On the image on the right, note Cedar Creek. Shortly after this incident the channel of the creek was relocated farther to the east. It was just one of many time the channel of Cedar Creek has been changed through town.

Lowell Tribune, May 8, 1914

"Train No. 4, the fast Louisville-Chicago mail train, on the Monon route was wrecked at this place at 9 o'clock Tuesday morning. The wreck occurred at the Washington Street crossing. The train was running 4 hours late, and in making up time, was passing through town at a high rate of speed, and was derailed by a broken switch."

"A mail sack, thrown from the first mail car in the train, struck the handle of the switch stand, breaking the same off squarely at the shoulder. This left the switch without a lock and the same gradually opened as the train passed over. The cause of the wreck is one of the most peculiar in the history of railroading, and probably never happened before, nor will it ever happen again. In leaving the main track, the front end of the Pullman struck a telegraph pole, which was cut squarely off and entered the car lengthwise and extended through the entire car."

The train was carrying a light load which probably accounts for the few people who were injured."

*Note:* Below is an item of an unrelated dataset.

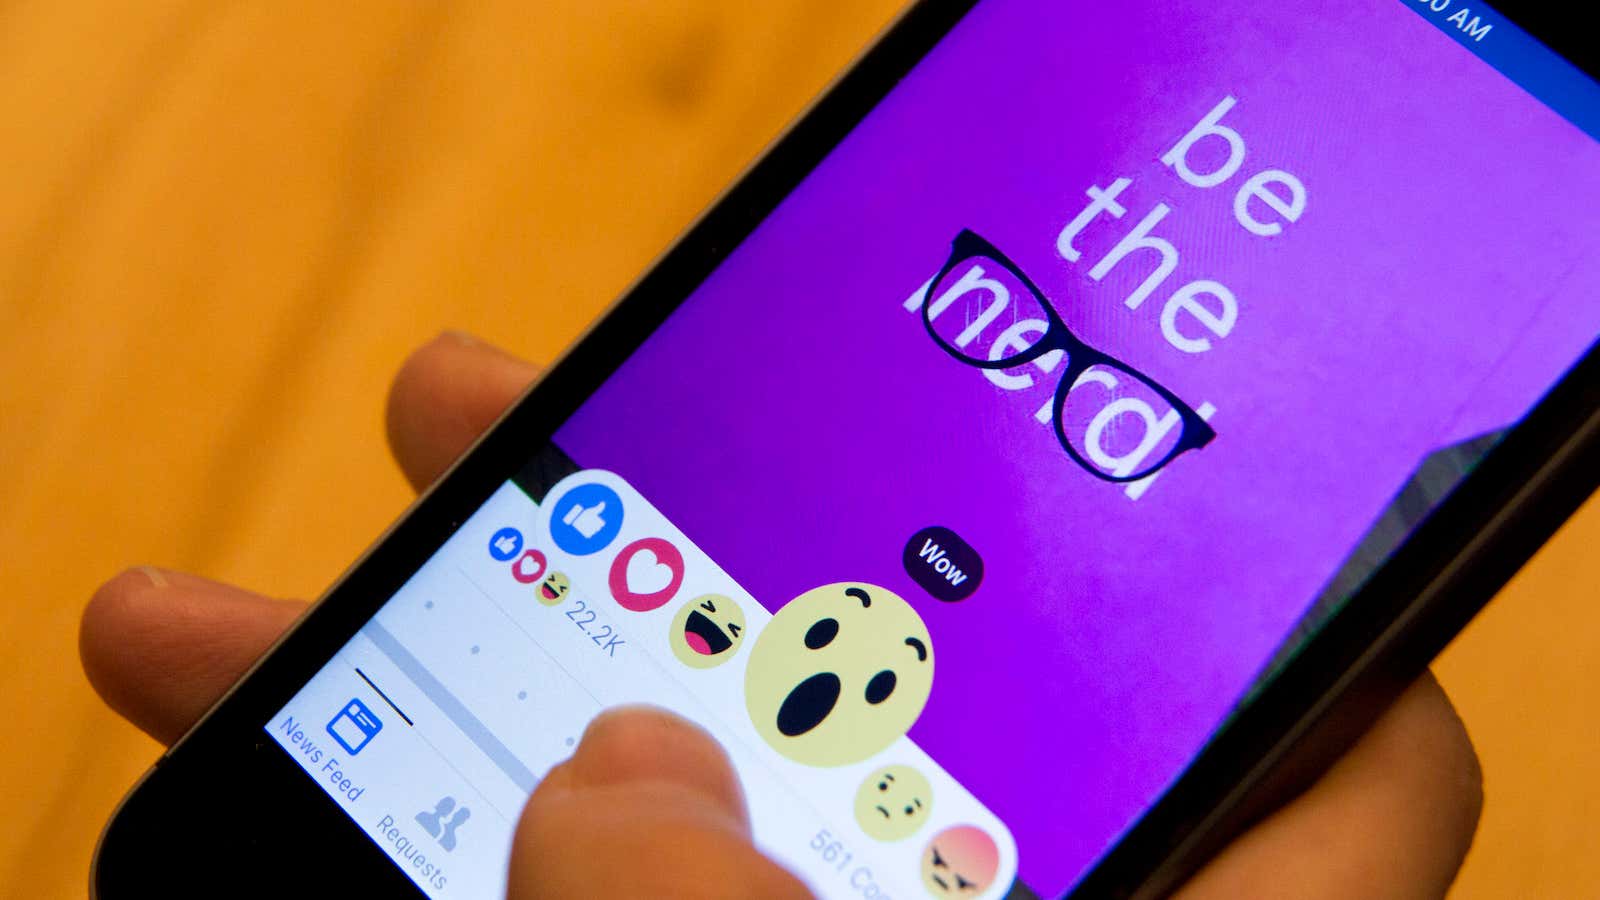 How will Facebook incorporate its new Reactions into its news feed algorithm?

-From The Lowell Tribune, courtesy of Richard C. Schmal-


Lake County Star, May 8, 1914


"Erhart Bixenman was in Lowell after the five passenger cars were wrecked there Tuesday forenoon, and says it was a miracle that there was no loss of life. Several were somewhat scratched and bruised and one man was severely hurt, but expected to be able to go home that evening. There were only about 50 on the train going north, nearly all boarding the cars at West Baden, and when the crash came the train was behind time and running at a great speed."